I've been dealing with sentiment analysis for a while, but all of them were based on the "emotion value dictionary". On the other hand, ** emotion value judgment using machine learning ** is also actively performed.
Among them, ** Naive Bayes filter (naive Bayes classifier) **, whose logic is simple and clear and whose practicality is recognized, will be taken up. It is also provided by the major platform NLTK (Natural Language Toolkit) for building natural language processing programs in Python, and it is easy to do.
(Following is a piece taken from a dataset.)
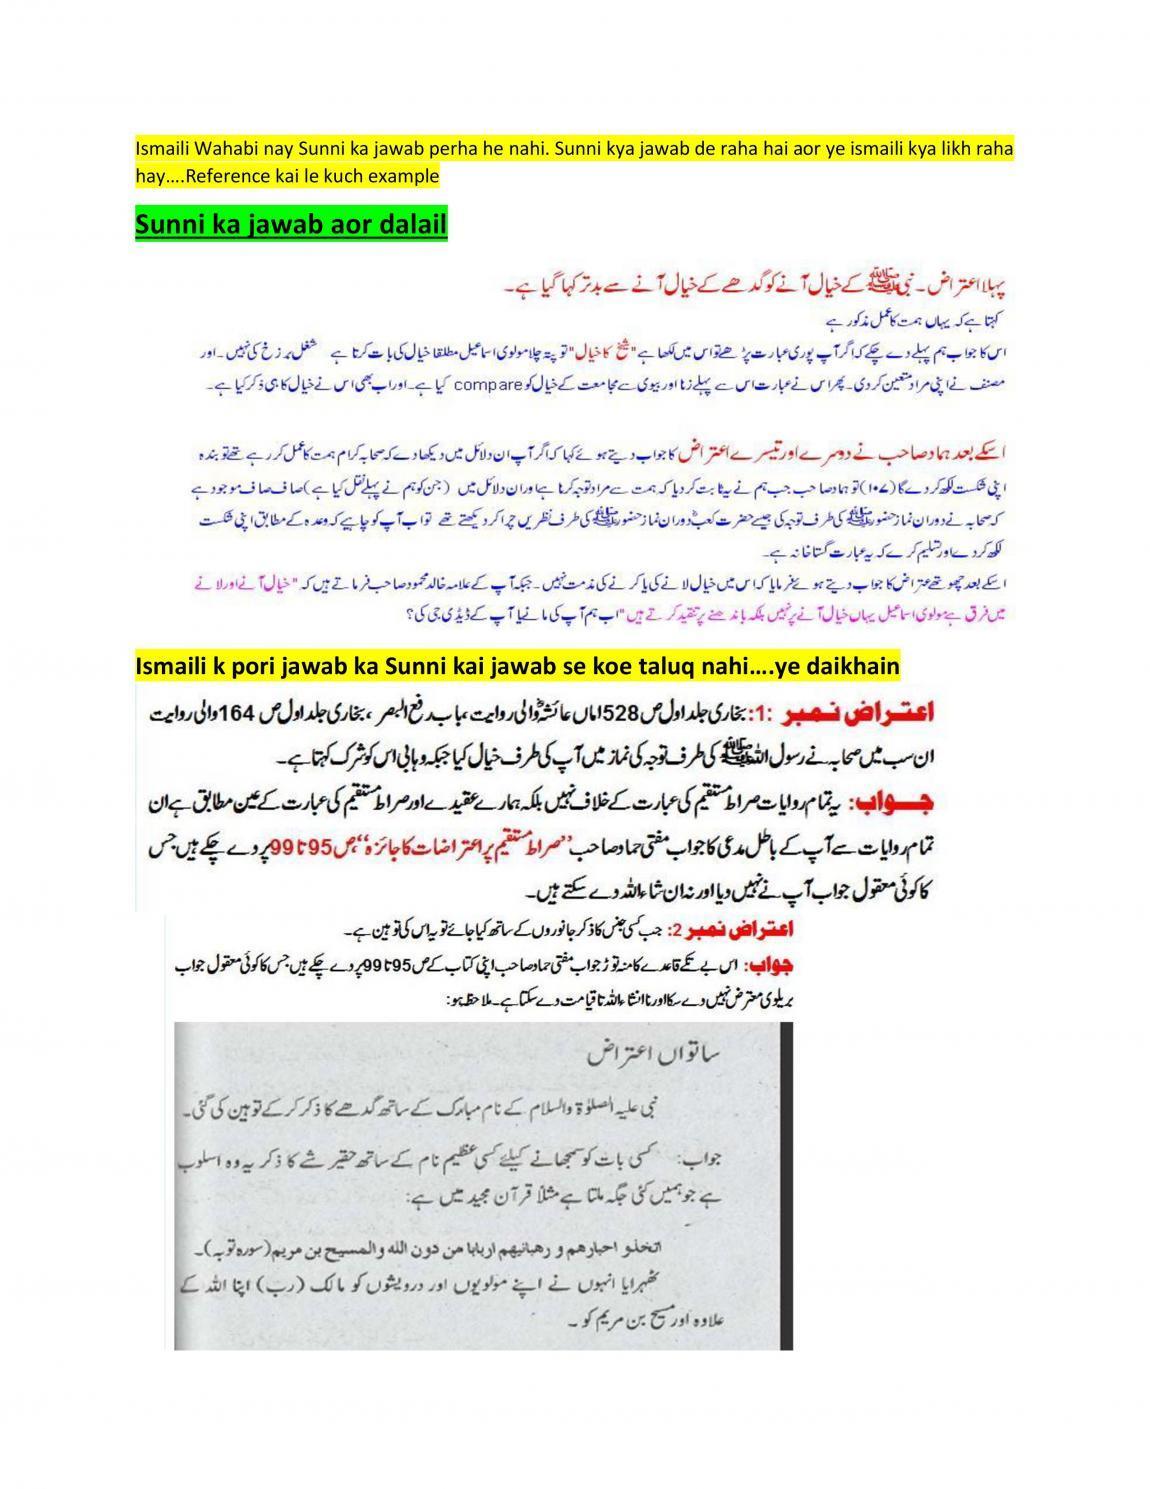 Ismaili Wahabi nay Sunni ka jawab perha he nahi-page-0.jpg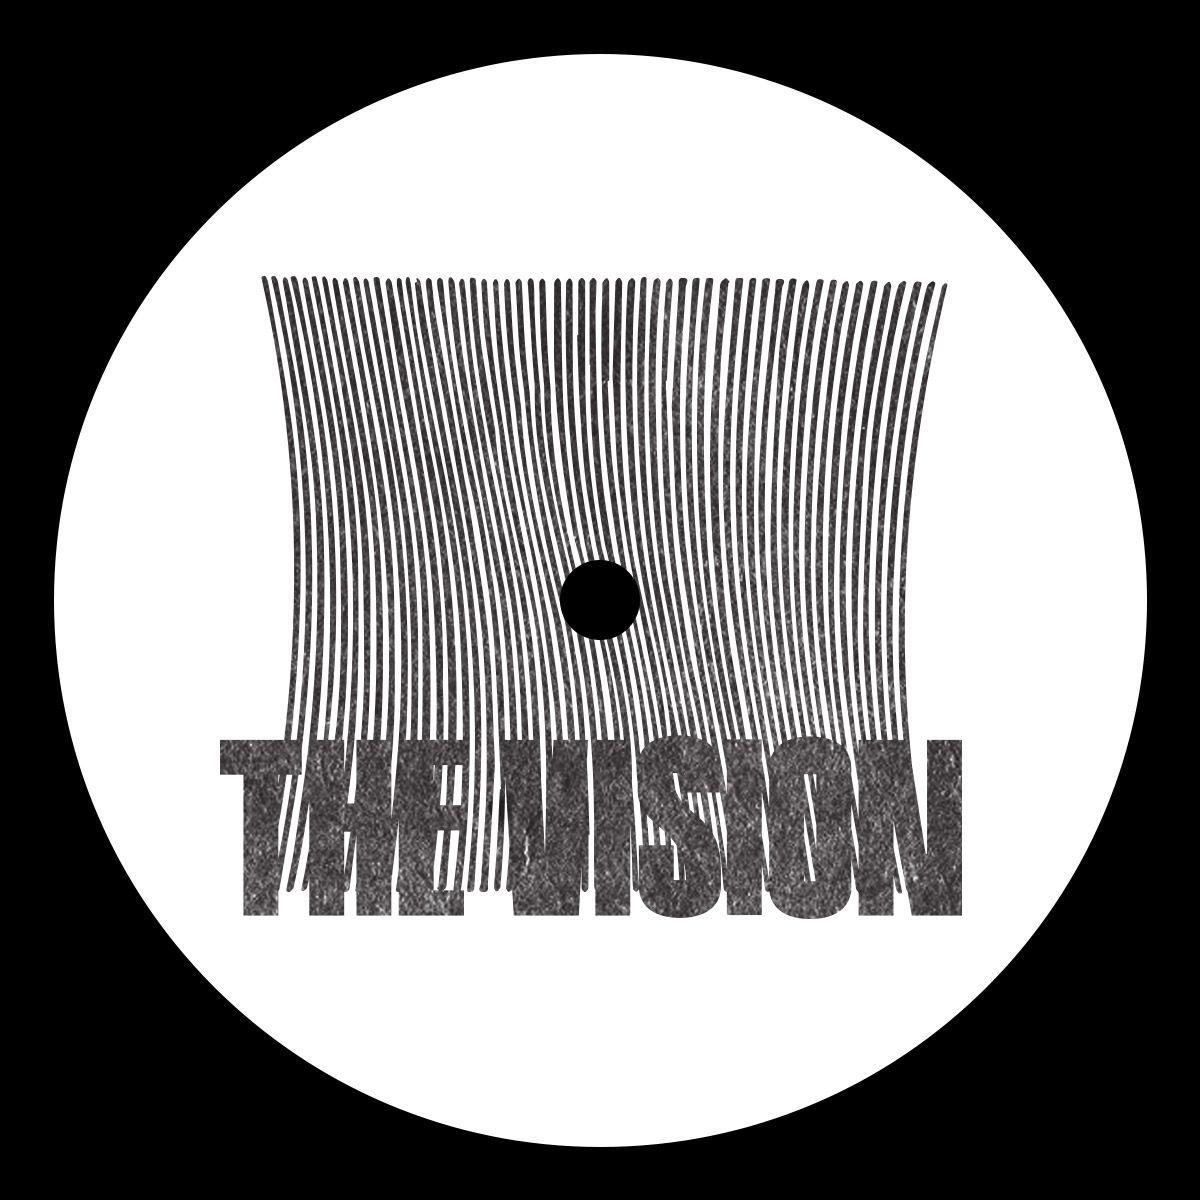 theartsdesk on Vinyl 51: Suicide, Soundgarden, Soft Cell

⑴ Basic knowledge of Bayesian statistics

1. A brief history of Bayesian statistics

The name Bayes is the name of Thomas Bayes (1702-1761), a pastor who lived in England in the 18th century. It is said that he discovered the so-called ** "Bayes' theorem" ** in the 1740s while he was studying mathematics as his hobby. Later, the French mathematician Pierre = Simon Laplace (1749-1827) rediscovered this on his own and defined it in an objective mathematical formula to show its practicality.
However, Laplace himself eventually questioned, and not only was it not used for more than 200 years, but it was especially taboo in the 20th century, and the textbooks of statistics were just apologetic. .. Statistics have traditionally been based on ** objective probabilities **, whereas Bayesian statistics based on ** subjective probabilities ** have never been accepted.
It's a personal experience, but I'm very impressed with the remarks made by the teacher who taught Bayesian statistics. "Bayes'"unhappiness "is that his words AI and machine learning preceded by image alone." In short, the basis of AI and machine learning, which has rapidly become widespread in recent years, is ** Bayes. Statistics **.

2. Bayes' theorem

Shows the formula of "Bayes' theorem" regarding probability.
Now, let's think concretely with an example. Now, if you get a positive test B, what is the probability that you actually have disease A?
The above formula is applied to "Bayes' theorem" and is [$ A_1 $: affected, $ A_2 : unaffected] [ B_1 $: positive, $ B_2 $: negative]. Let's calculate by substituting a typical numerical value.
Even if you get a positive test, you have a 3% chance of actually getting the disease, and about 97 out of 100 people are not.
Bayesian statistics have long been taboo because ** subjective probabilities ** are used as the "prior probabilities" that are the premise of calculations, but on the other hand, only such usages have been accepted. It was. So to speak, it is the correct usage of "** Bayes' theorem **".
In this example, both the "prior probability" morbidity and the test positive rate of the affected person are ** objective probabilities based on frequency ** calculated based on the data. In short, if you use ** objective probabilities for prior probabilities **, then "Bayes' theorem" is still correct.
** Subjective probability ** is a numerical value between 0 and 1 based on personal beliefs that expresses the probability that an event will occur. For example, if an individual throws a dice and the individual assumes that he is half as likely to roll a 1, that is the ** subjective probability ** for that person. If you throw the dice repeatedly and the frequency of each roll is 1/6, the probability of each roll is objectively estimated to be 1/6.

3. Bayesian updating

Let's take a concrete look at an example.
Similarly, the result of examining the probability that the word "only now deals" is included in junk mail and regular mail from the database is as follows.
There is a 94% chance that an email X is junk, but there is also a 6% chance that it is a regular email, so it is still dangerous to delete it as junk.
Therefore, this ** posterior probability is used as a prior probability **, and the "Bayes' theorem" is newly applied to the word "free invitation".
Further ** Update prior probabilities **, add data and apply "Bayes' theorem" to the word "must make money".
Similarly, applying "Bayes' theorem" to the word "special monitor", the posterior probabilities approach 100% infinitely as follows.
Applying "Bayes' theorem" one after another in this way is called ** Bayes update **. With only four Bayesian updates, there is a approximately 0.0001% chance that an email X is not spam. ** The Bayesian way of thinking is to find posterior probabilities based on features, but strictly speaking, each feature must be independent of each other **. For example, "special monitors" and "free invitations" are thought to influence each other, but it is known that closing your eyes is very effective in practical use.
In short, it is a simplified methodology that ** assumes that all words in a sentence are independent , which is why it is called " naive (= simple) ** Bayesian filter".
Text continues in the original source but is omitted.